For workflows requiring explicit control over model lifecycle, a lightweight orchestrator using the Ollama HTTP API provides LRU-based swap management:

import requests
import time
import logging
import os
import threading
from collections import OrderedDict

log = logging.getLogger(__name__)

OLLAMA_BASE = os.environ.get("OLLAMA_BASE", "http://localhost:11434")

CONNECT_TIMEOUT = 5    # seconds to establish connection
READ_TIMEOUT = 120     # seconds to wait for response body


class HotSwapManager:
    def __init__(self, vram_budget_gb: float = 22.0):
        self.vram_budget = vram_budget_gb
        self.loaded: OrderedDict[str, float] = OrderedDict()  # model -> vram_gb
        self._lock = threading.Lock()
        self.model_vram = {
            "llama3.1:8b-instruct-q4_K_M": 5.5,
            "codellama:7b-instruct-q4_K_M": 5.0,
            "nomic-embed-text": 0.7,
            "mistral:7b-instruct-q4_K_M": 5.2,
            "llama3.1:70b-instruct-q4_K_M": 42.0,
        }
        self._sync_state()

    def _sync_state(self):
        """Reconcile in-memory state against Ollama's actual loaded models."""
        try:
            resp = requests.get(
                f"{OLLAMA_BASE}/api/ps",
                timeout=(CONNECT_TIMEOUT, READ_TIMEOUT),
            )
            resp.raise_for_status()
            for entry in resp.json().get("models", []):
                name = entry.get("name", "")
                # Use reported VRAM if available, else fall back to our dict
                vram = entry.get("size_vram", 0) / (1024 ** 3)
                self.loaded[name] = vram or self.model_vram.get(name, 6.0)
            log.info("Synced state: %s", list(self.loaded.keys()))
        except requests.RequestException as e:
            log.warning("Could not sync Ollama state: %s. Proceeding with empty state.", e)

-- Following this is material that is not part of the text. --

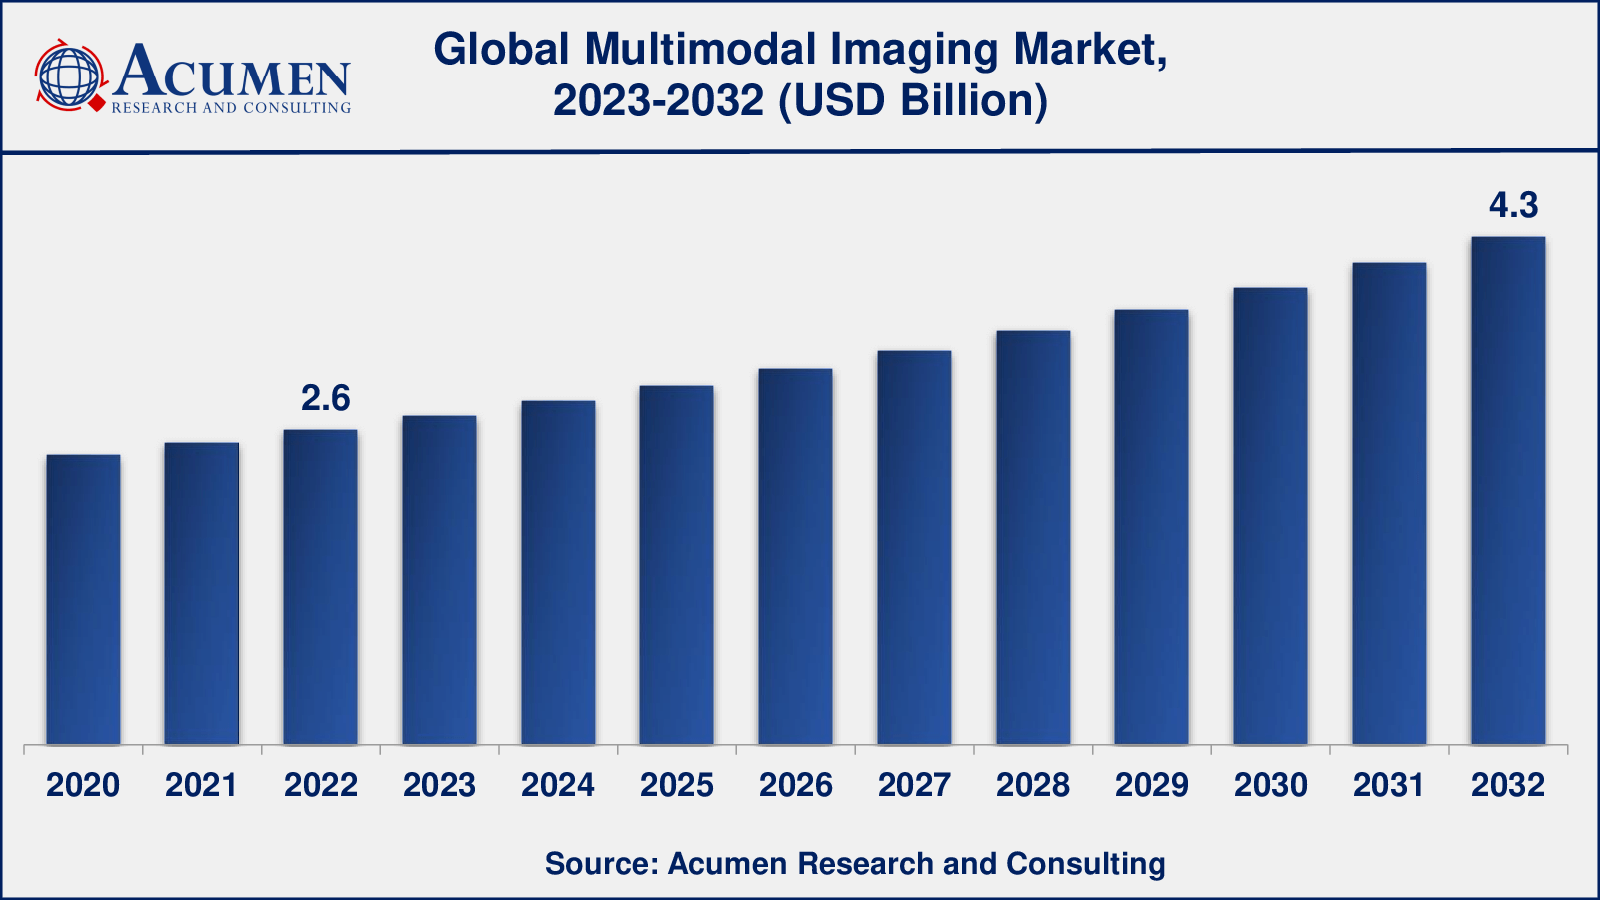 Multimodal Imaging Market Analysis Period

    def _used_vram(self) -> float:
        return sum(self.loaded.values())

    def _unload_model(self, model: str):
        if model not in self.loaded:
            log.debug("Skipping unload of '%s': not tracked as loaded.", model)
            return
        log.info("Unloading %s...", model)
        try:
            resp = requests.post(
                f"{OLLAMA_BASE}/api/generate",
                json={"model": model, "keep_alive": 0},
                timeout=(CONNECT_TIMEOUT, READ_TIMEOUT),
            )
            resp.raise_for_status()
            self.loaded.pop(model, None)
        except requests.RequestException as e:
            log.error("Failed to unload '%s': %s. State may be inconsistent.", model, e)
            raise

    def _ensure_capacity(self, required_gb: float):
        # Called under self._lock
        while self._used_vram() + required_gb > self.vram_budget and self.loaded:
            evict_model = next(iter(self.loaded))  # LRU eviction
            self._unload_model(evict_model)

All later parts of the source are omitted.